А в Вене 32-летний музыкант Людвиг Ван Бетховен в своей одинокой комнате испещрял нотную бумагу сложным узором черных значков — он заканчивал новую сонату, ту, которую потом стали называть «Лунной». Бетховен уже начинал глохнуть, но он слышал больше и лучше всех. Вскоре зазвучала над миром «Героическая симфония». Вслед за ней родилась мятежная «Аппассионата».

На одной из самых шумных улиц Парижа в мансарде за колченогим столиком сидел в кругу друзей молодой поэт Беранже. Они пили за «Францию без трона», а потом Беранже пел свои новые песенки о неунывающем бедняке, который не хочет гнуть спину перед вельможами.

В английском колледже Гарроу четырнадцатилетний Джордж Гордон Байрон писал стихи:

Не в знатном роде, друг мой, сила,
Ценнее клад в груди твоей…

В зимний вечер 1802 года трехлетний Александр Пушкин слушал сказку няни, а на другом конце Европы его ровесник Оноре Бальзак играл у порога хижины безвестной крестьянки, своей кормилицы.
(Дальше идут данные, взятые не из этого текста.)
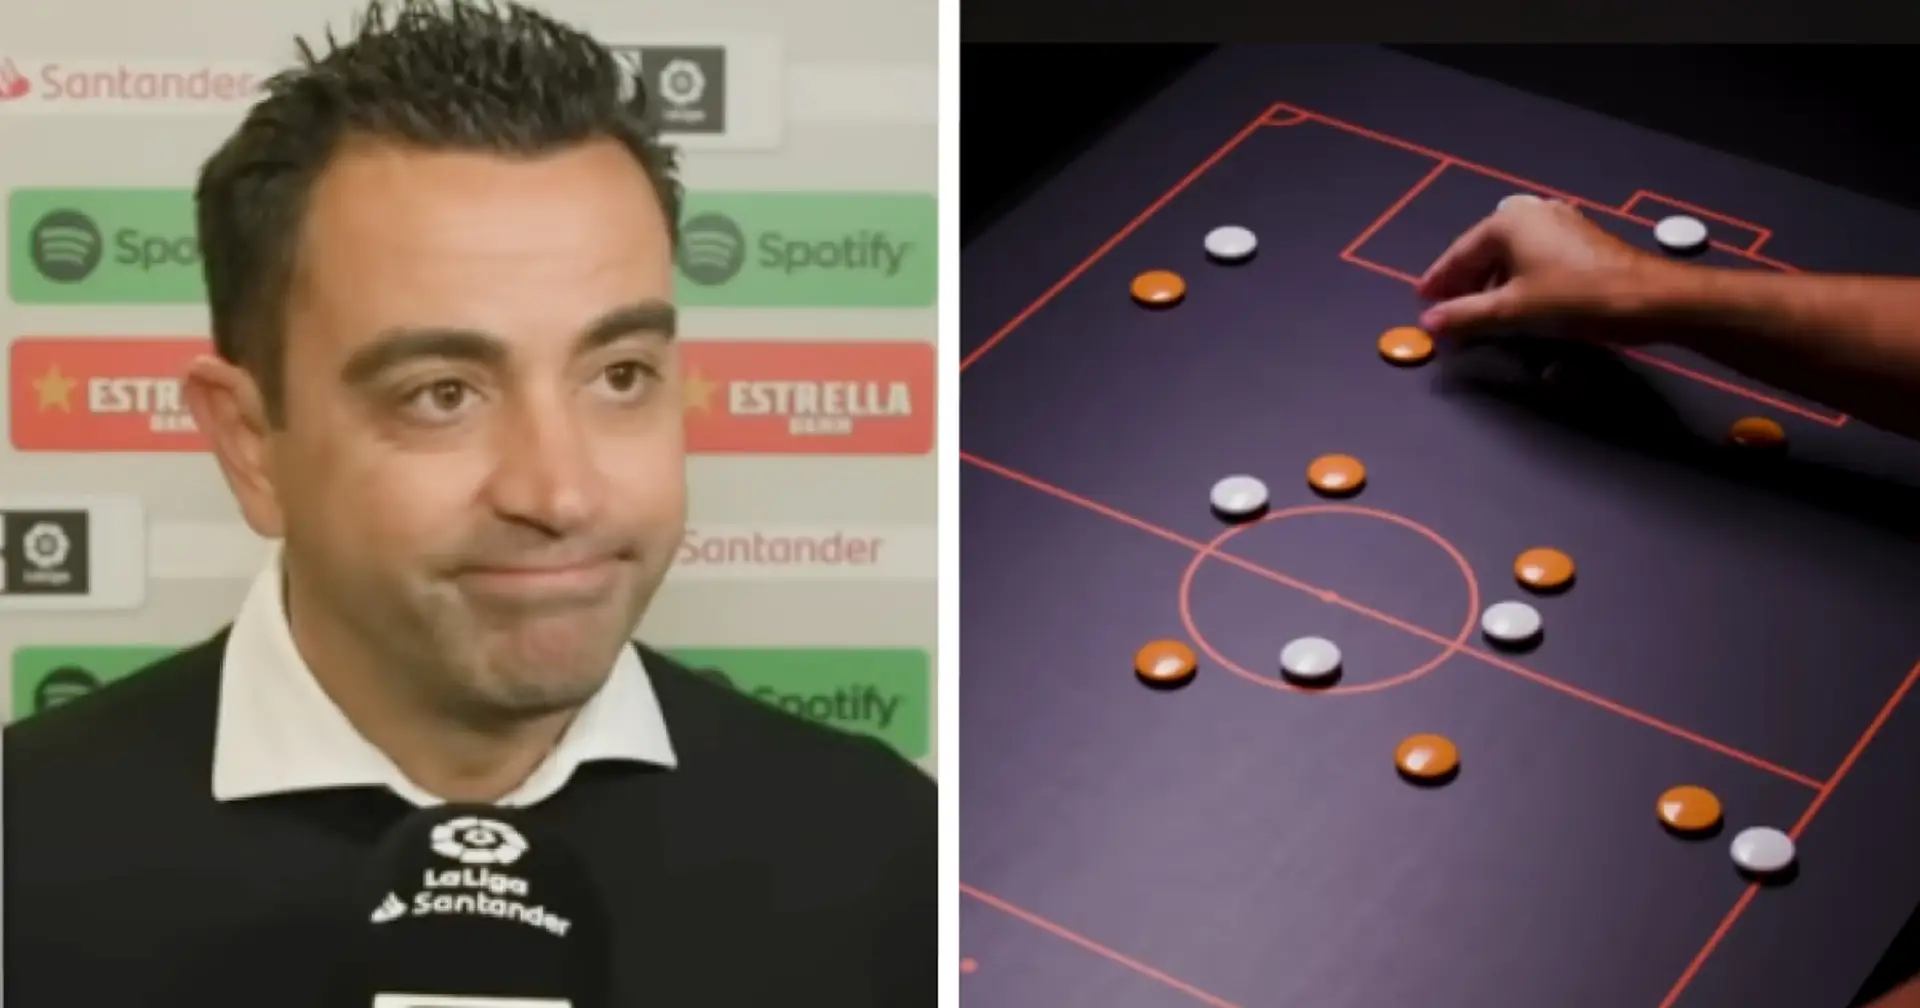 "Xavi le possède": un fan souligne l'incroyable bilan de Xavi contre un entraîneur de haut niveau de la Liga

Во всех концах земли рождались и подрастали те, кому предстояло творить живую историю девятнадцатого столетия. Будущие декабристы и карбонарии, герои освободительных войн и бойцы баррикад, вожаки и участники первых восстаний рабочего класса, строители первых железных дорог, исследователи земных недр и человеческих душ, изобретатели станков и машин, открыватели тайн вселенной и новых гармоний. Будущие труженики, герои, борцы. Знаменитые и безыменные.

Веку было два года…

* * *

Седьмого вентоза в X год республики, как гласит запись в мэрии, или 26 февраля 1802 года по нынешнему календарю, в одном из неприметных домиков французского города Безансона раздался крик новорожденного. Родители ждали Викторину, а на свет появился Виктор, третий сын в семье батальонного командира Леопольда Сижисбера Гюго. Мальчика назвали Виктором в честь друга семьи Гюго генерала Виктора Лагори. Второе имя, Мари, новорожденный получил в честь названой крестной, подруги его матери.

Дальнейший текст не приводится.